We then define the `PropertyCollector` class, which manages all the properties taking care of all data validation and storage instructions. Instance of this class will be created within the initialization of the StructureData instance and is stored under the `properties` attribute. 

In the final implementation, original StructureData will be named `LegacyStructureData` and StructureData_prototype `StructureData`.

## Rules for the properties:

- properties are stored under the `properties` attribute of the `StructureData` instance. This attribute is immutable. `STATUS: done`;
- the `properties` attribute is a dictionary, keys being the name of each property and values being a dictionary with the information about the property, which we will store when the StructureData node is stored in the AiiDA db. `STATUS: storage part to be done`;
- information about a property can be provided in only one format (we may implement, in each property, some method to translate from common formats to the accepted one). `STATUS: todo the possiblity to have property class methods`;
- no direct change of the properties is allowed. `STATUS: done`;
- backward compatibility: structure.pbc and structure.kinds are still there. `STATUS: done`;
- always possible to access the list of defined and of supported properties. `STATUS: done`;
- support for custom properties. `STATUS: todo`;
- constructors: adapt methods like `from_ase` to support also the interface with the properties stored in a given `Atoms` object. `STATUS: todo`.

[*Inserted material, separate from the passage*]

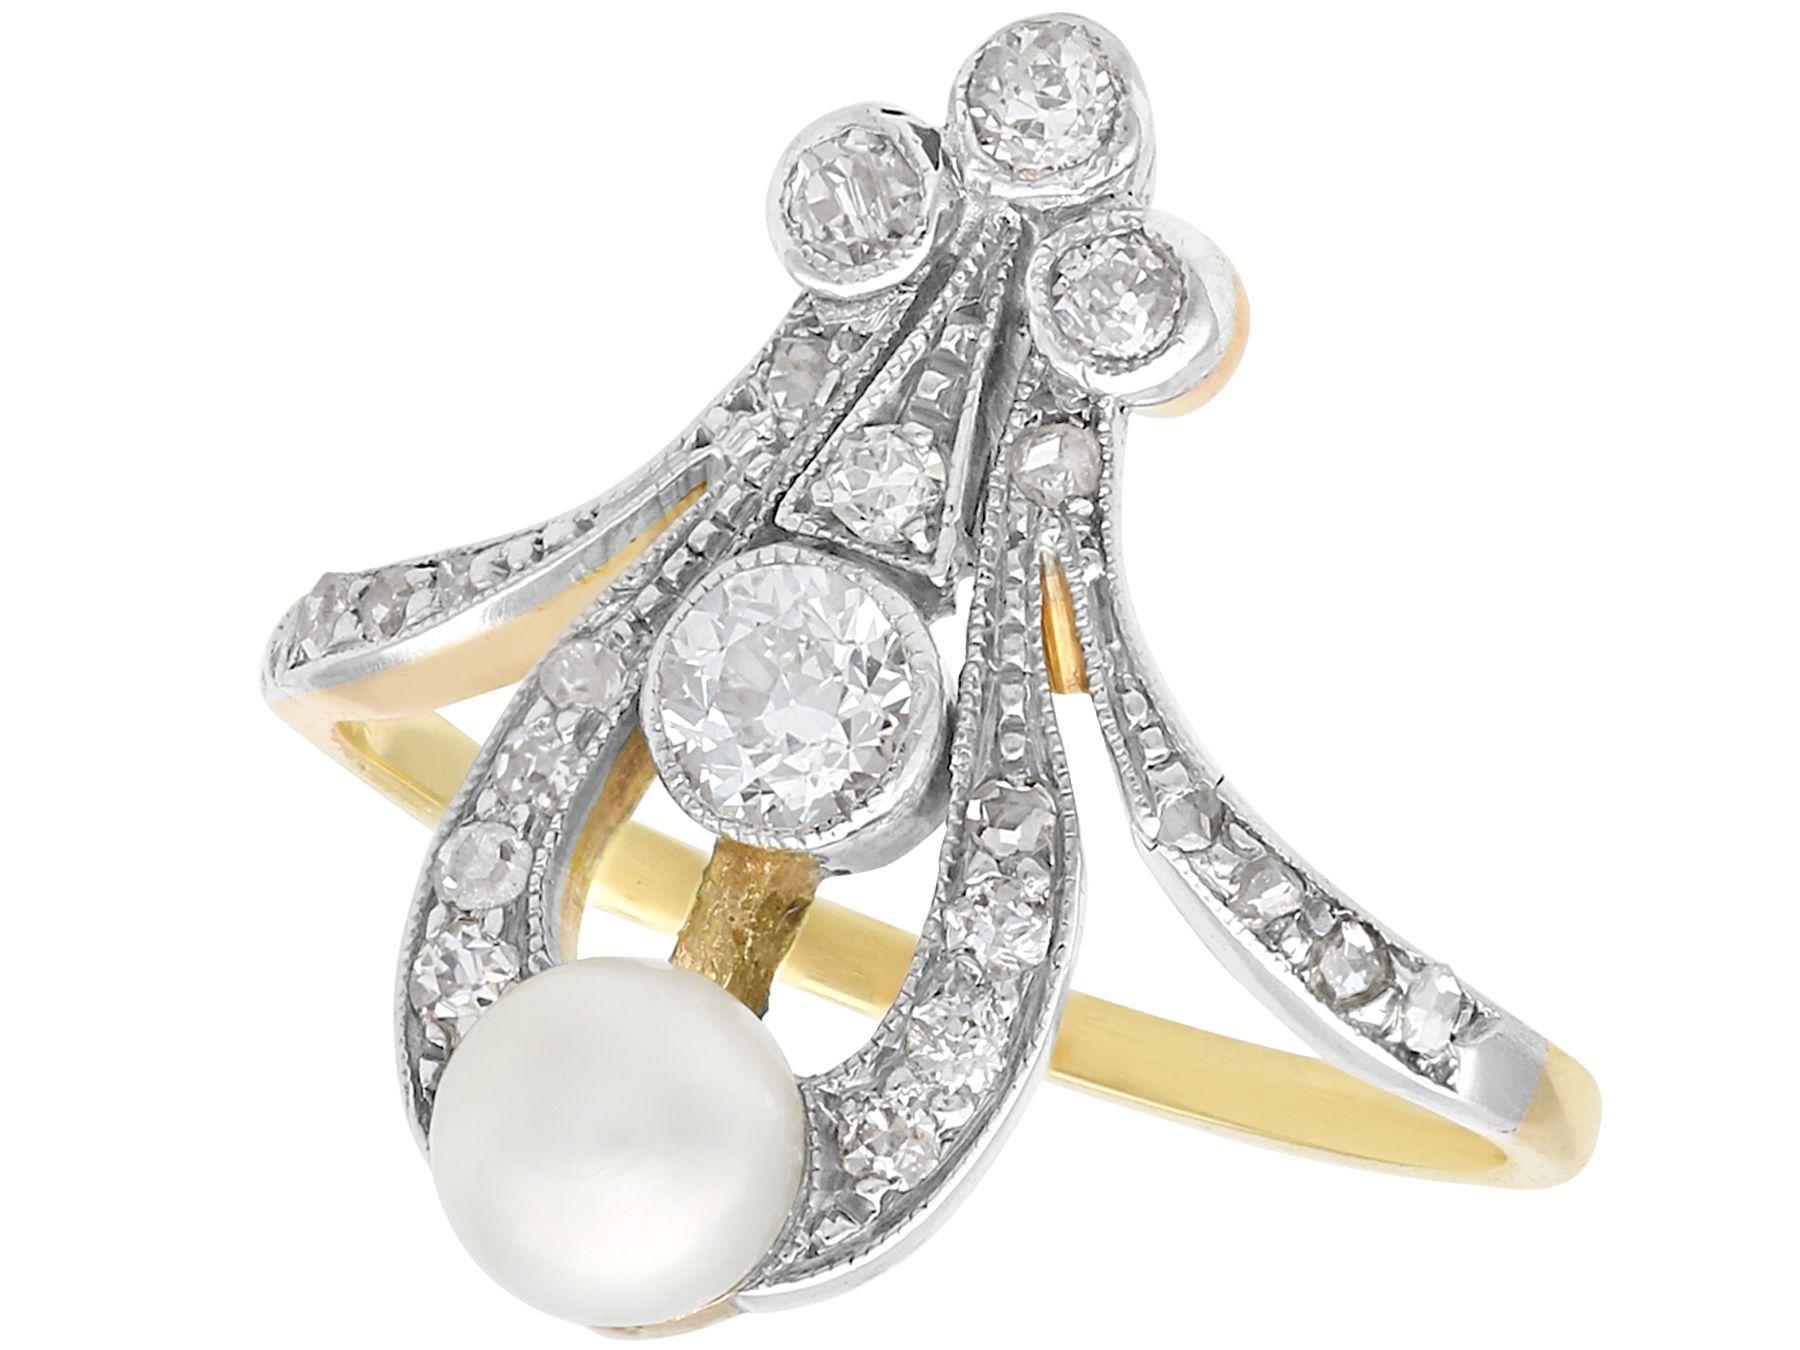 A stunning, fine and impressive antique 0.45 carat diamond and pearl, 14 karat yellow gold, silver set dress ring; part of our antique estate jewelry collections.

This stunning 1930s antique pearl and diamond ring has been crafted in 14k yellow

## Backward-compatibility:

The new StructureData class will be a subclass of the old StructureData. This is the best way to ensure 
backward compatibility while avoiding code duplication. This enhance also how this new AiiDA data type is indeed and extension of the original StructureData.
In the future, the entire orm.StructureData module will be moved into the `aiida-atomistic` package and the `pbc` and `kinds` attribute will be removed.

In [156]:
import typing
from typing import Any,Dict,List
from pydantic import BaseModel, ConfigDict, Field
from abc import ABCMeta

######################decorator to allow no calls outside the initialization step: actually, we do not need/use it. 
import inspect

def allow_no_calls_decorator(func):
    """
    This decorator checks if the methods are called 
    from the class, i.e. during the instance creation,
    or via a call which is performed by the user. The
    last way is not allowed. In this way, we essentially 
    protect our code against misuse of the API.    
    """
    def wrapper(*args, **kwargs):
        frame = inspect.currentframe()

        try:
            locals = frame.f_back.f_locals

            if locals.get('self', None) is args[0]:
                print("Called from this class!")
                func(*args, **kwargs)
            else:
                raise NotImplementedError("This method cannot be called directly!")
        finally:
            pass
    return wrapper

##########################################

################################################## Start: Base Class for a property:
class BaseProperty(BaseModel):
    # Pydantic2 syntax: #model_config = ConfigDict(frozen=True, extra='forbid')
    parent: StructureData = Field(
        #init_var=True   # Does not show when dumping the model (but I think it works only in pydantic 2)
        )
    
    """
    parent: Data = Field(  #Data is ok if we do not redefine the aiida-core Data class.
        #init_var=True   # Does not show when dumping the model (but I think it works only in pydantic 2)
        )
    """
    class Config:
        frozen = True                  # No changes allowed: immutability
        extra = 'forbid'               # No extra arguments or attributes allowed.
        arbitrary_types_allowed = True # You can remove if also StructureData inherits from BaseModel.


################################################## End: Base Class for a property.


################################################## Start: PBC property:

class Pbc(BaseProperty):
    """
    The pbc property. 
    It is different from the pbc attribute directly accessible from the StructureData object.
    """
    value: List[bool] = Field(min_items=3, max_items=3, default=[True,True,True])
    
    @classmethod
    def from_string(cls, dimensionality:str = "3D"):
        if dimensionality=="3D":
            pbc = [True]*3
        elif dimensionality=="0D":
            pbc = [False]*3
        else:
            raise ValueError
        
        return {'value': pbc}

################################################## End: PBC property.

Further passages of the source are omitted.